▶ _Material provided_
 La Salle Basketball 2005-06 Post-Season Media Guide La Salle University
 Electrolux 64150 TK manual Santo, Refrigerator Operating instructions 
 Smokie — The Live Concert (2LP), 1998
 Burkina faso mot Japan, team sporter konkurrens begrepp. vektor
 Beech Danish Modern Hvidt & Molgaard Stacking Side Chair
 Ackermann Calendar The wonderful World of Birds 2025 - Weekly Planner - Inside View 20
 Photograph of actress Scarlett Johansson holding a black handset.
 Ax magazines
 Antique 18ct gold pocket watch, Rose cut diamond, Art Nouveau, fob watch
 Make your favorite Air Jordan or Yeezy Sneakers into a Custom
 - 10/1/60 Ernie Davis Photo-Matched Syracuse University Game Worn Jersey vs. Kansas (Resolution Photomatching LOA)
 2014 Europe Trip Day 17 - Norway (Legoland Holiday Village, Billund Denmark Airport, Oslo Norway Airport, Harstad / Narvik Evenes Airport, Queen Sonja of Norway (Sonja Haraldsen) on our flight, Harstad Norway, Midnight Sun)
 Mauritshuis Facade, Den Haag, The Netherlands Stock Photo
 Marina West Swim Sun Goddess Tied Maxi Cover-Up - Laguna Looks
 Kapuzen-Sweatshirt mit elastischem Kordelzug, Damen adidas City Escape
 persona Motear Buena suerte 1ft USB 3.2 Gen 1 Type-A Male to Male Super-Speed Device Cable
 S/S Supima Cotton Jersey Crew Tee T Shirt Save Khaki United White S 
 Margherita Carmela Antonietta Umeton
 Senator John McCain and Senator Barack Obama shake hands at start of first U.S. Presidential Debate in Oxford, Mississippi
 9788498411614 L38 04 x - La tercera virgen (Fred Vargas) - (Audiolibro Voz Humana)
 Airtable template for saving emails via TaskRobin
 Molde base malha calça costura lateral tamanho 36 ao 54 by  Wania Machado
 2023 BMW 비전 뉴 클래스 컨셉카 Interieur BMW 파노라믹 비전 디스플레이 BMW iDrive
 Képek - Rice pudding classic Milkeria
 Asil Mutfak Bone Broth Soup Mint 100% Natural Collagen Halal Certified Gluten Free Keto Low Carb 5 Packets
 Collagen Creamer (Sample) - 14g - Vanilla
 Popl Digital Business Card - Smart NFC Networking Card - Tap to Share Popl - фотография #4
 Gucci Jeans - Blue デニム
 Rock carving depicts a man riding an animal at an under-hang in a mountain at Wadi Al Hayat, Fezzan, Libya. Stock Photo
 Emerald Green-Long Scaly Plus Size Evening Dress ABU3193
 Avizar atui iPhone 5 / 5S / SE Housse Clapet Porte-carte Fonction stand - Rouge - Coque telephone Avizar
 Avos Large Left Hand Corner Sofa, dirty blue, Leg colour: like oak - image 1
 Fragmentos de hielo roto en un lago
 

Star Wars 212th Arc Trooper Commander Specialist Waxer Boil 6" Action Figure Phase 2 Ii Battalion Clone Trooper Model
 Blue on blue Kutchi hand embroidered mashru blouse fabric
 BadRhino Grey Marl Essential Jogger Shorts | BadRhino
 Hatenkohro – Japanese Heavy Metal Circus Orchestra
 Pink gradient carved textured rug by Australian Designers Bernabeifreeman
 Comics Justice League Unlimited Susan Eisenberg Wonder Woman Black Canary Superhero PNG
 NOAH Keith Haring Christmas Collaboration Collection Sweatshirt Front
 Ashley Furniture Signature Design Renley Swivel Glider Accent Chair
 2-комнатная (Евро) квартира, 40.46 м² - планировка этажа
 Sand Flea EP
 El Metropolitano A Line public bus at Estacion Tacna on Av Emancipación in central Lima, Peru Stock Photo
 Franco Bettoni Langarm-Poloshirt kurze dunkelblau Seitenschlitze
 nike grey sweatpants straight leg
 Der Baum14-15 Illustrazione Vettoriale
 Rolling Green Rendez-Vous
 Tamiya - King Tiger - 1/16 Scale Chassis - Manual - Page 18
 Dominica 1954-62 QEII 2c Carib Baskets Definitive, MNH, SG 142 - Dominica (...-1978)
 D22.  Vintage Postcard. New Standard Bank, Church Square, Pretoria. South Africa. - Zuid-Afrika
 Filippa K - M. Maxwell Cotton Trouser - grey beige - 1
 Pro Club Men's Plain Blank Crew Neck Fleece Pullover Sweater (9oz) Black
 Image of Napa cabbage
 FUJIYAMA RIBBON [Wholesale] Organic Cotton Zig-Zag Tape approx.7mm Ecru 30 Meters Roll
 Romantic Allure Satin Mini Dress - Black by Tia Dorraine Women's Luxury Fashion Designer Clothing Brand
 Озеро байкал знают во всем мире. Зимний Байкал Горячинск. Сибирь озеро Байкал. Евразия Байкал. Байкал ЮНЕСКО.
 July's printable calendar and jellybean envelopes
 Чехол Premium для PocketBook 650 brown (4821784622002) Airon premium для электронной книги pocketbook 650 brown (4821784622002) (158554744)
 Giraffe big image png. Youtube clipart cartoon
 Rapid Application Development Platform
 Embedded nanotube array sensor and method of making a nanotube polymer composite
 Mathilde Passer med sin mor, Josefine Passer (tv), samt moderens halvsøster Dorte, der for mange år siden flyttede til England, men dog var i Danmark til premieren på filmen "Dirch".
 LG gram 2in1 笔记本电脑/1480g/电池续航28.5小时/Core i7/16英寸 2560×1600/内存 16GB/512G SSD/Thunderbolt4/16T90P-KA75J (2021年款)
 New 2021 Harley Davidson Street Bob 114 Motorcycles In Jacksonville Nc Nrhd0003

▶ _Work instructions_
All that is needed is the exact run of lines above from the line containing "Airtable template for" through the line containing "Hatenkohro – Japanese", both of them included.

▶ _Response to the exercise_
 Airtable template for saving emails via TaskRobin
 Molde base malha calça costura lateral tamanho 36 ao 54 by  Wania Machado
 2023 BMW 비전 뉴 클래스 컨셉카 Interieur BMW 파노라믹 비전 디스플레이 BMW iDrive
 Képek - Rice pudding classic Milkeria
 Asil Mutfak Bone Broth Soup Mint 100% Natural Collagen Halal Certified Gluten Free Keto Low Carb 5 Packets
 Collagen Creamer (Sample) - 14g - Vanilla
 Popl Digital Business Card - Smart NFC Networking Card - Tap to Share Popl - фотография #4
 Gucci Jeans - Blue デニム
 Rock carving depicts a man riding an animal at an under-hang in a mountain at Wadi Al Hayat, Fezzan, Libya. Stock Photo
 Emerald Green-Long Scaly Plus Size Evening Dress ABU3193
 Avizar atui iPhone 5 / 5S / SE Housse Clapet Porte-carte Fonction stand - Rouge - Coque telephone Avizar
 Avos Large Left Hand Corner Sofa, dirty blue, Leg colour: like oak - image 1
 Fragmentos de hielo roto en un lago
 

Star Wars 212th Arc Trooper Commander Specialist Waxer Boil 6" Action Figure Phase 2 Ii Battalion Clone Trooper Model
 Blue on blue Kutchi hand embroidered mashru blouse fabric
 BadRhino Grey Marl Essential Jogger Shorts | BadRhino
 Hatenkohro – Japanese Heavy Metal Circus Orchestra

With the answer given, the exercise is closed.